5. Bloom Filter in BMIT
5.1. The Traditional Bloom Filter
- Adding Elements: To add an element to the Bloom filter, k distinct hash functions are applied to it. Each hash function produces an index value between 0 and m-1, and the corresponding bits at these index positions in the bit array are set to 1. For example, if the first hash function yields index 10 and the second yields index 25, bits 10 and 25 in the array are set to 1. This process uses multiple hash functions to map the element onto the bit array from different perspectives, creating a distributed representation;
- Querying Elements: To check if an element is present, the same k hash functions are applied to it, yielding k index values. The Bloom filter then checks if all the bits at these index positions in the array are set to 1:
- –
- If all corresponding bits are 1, the Bloom filter considers the element possibly present in the set;
- –
- If any bit is 0, it can definitively conclude the element is not in the set.
5.2. Improved Bloom Filter for BMIT
- Since we are maintaining medical information for individual patients, a single patient cannot have an excessive number of disease terms. Therefore, an extremely large indexing space is unnecessary;
- Given the involvement of insurance claims, insurance companies naturally desire the lowest possible false positive rate, prioritizing accuracy over retrieval speed.
- From Bit Array to Multidimensional Array: We replace the one-dimensional bit array with a multidimensional array structure.
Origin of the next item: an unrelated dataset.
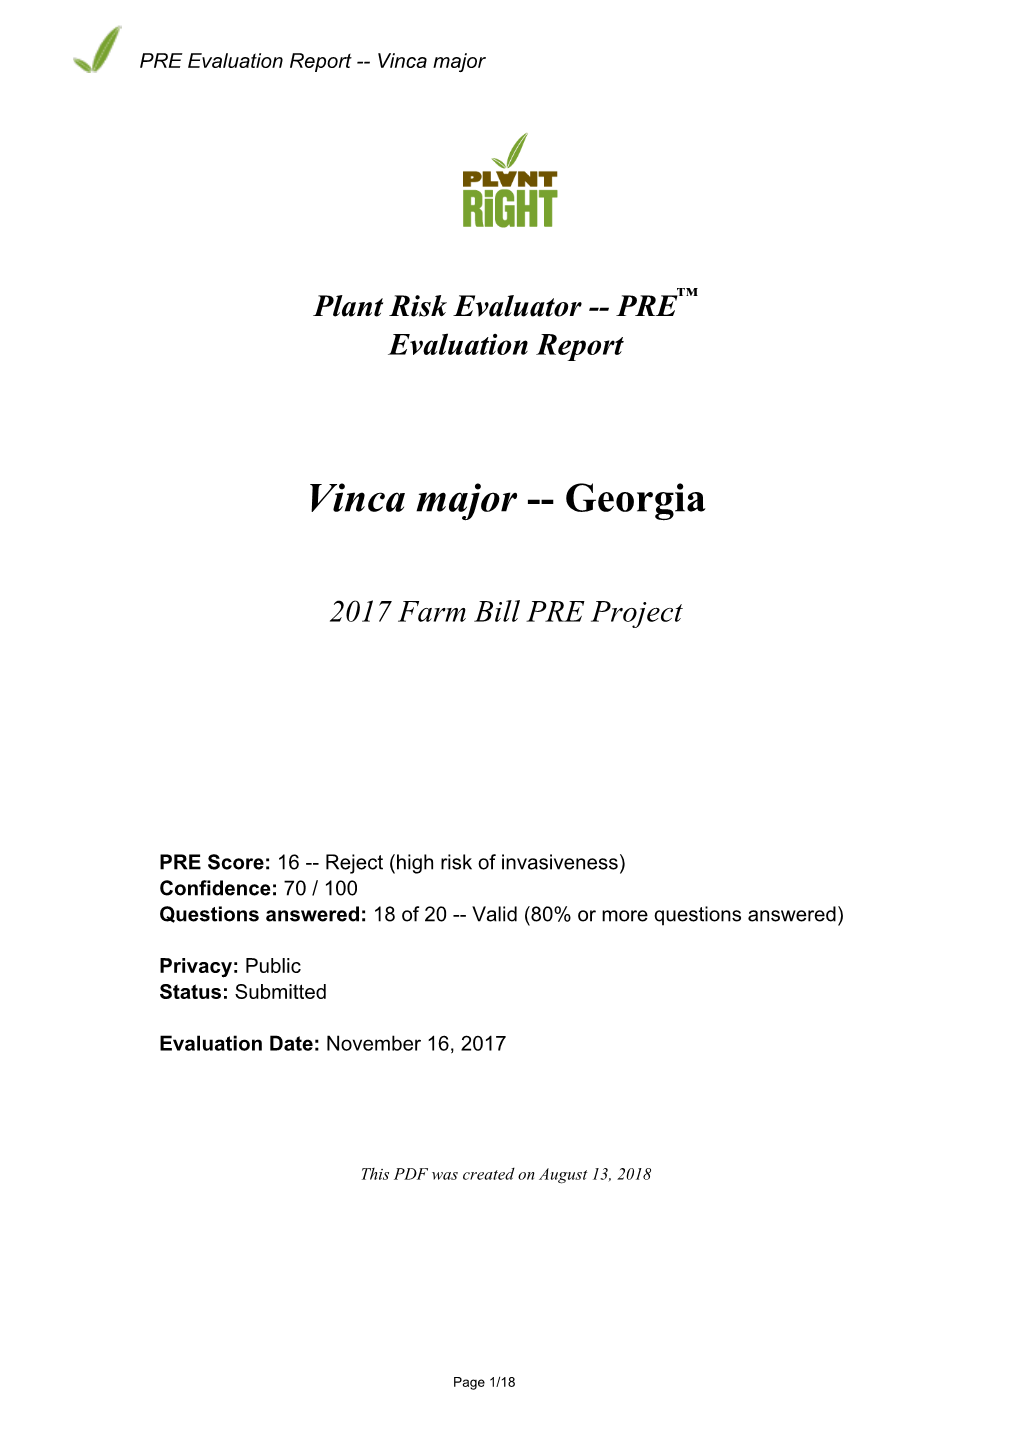 PRE Evaluation Report for Vinca Major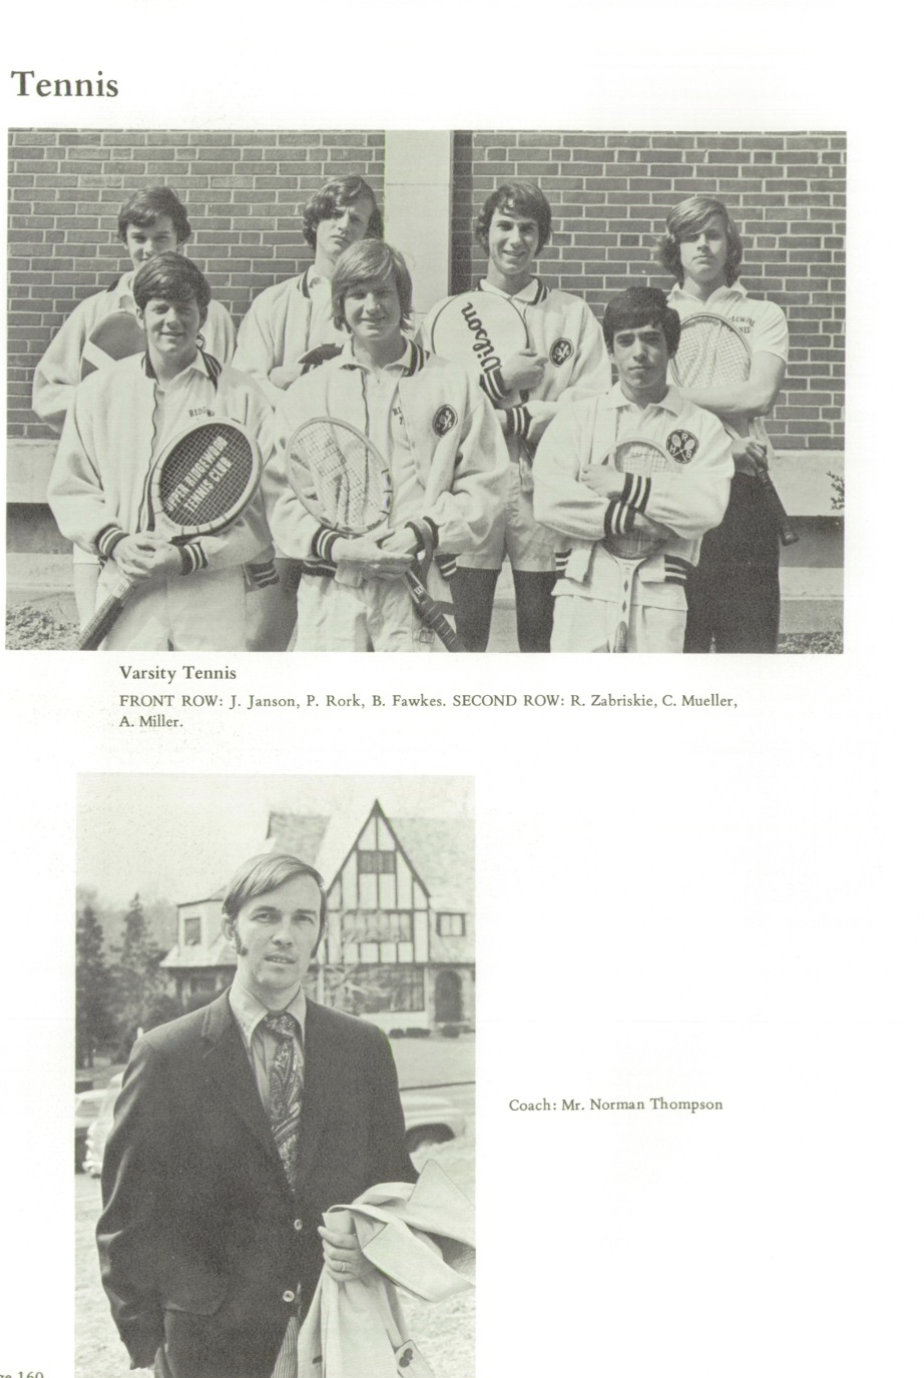 1971 Boys’ Tennis Team

Considering practical needs, we specifically adopt a three-dimensional array. This structure significantly reduces the mutual influence between different elements, thereby greatly lowering the probability of false positives during retrieval;
- Storing Array Coordinates on the Blockchain: Instead of storing the entire Bloom filter array, we store only the coordinates within the three-dimensional array on the blockchain. This approach is motivated by the observation that most patients in reality do not suffer from a large number of diseases. Storing coordinates drastically reduces storage requirements compared to storing the entire multidimensional Bloom filter space;
- User-Specific Hash Functions with Key Control: Each user is assigned dedicated hash functions. The user retains the associated key, and only possession of this key allows generation and retrieval of that specific user’s Bloom filter. This measure transfers control of the data to the user via the key, significantly enhancing user privacy and security. Furthermore, since only coordinate values are stored on the blockchain, even if hackers obtain these values, they cannot decipher them, thus protecting user privacy.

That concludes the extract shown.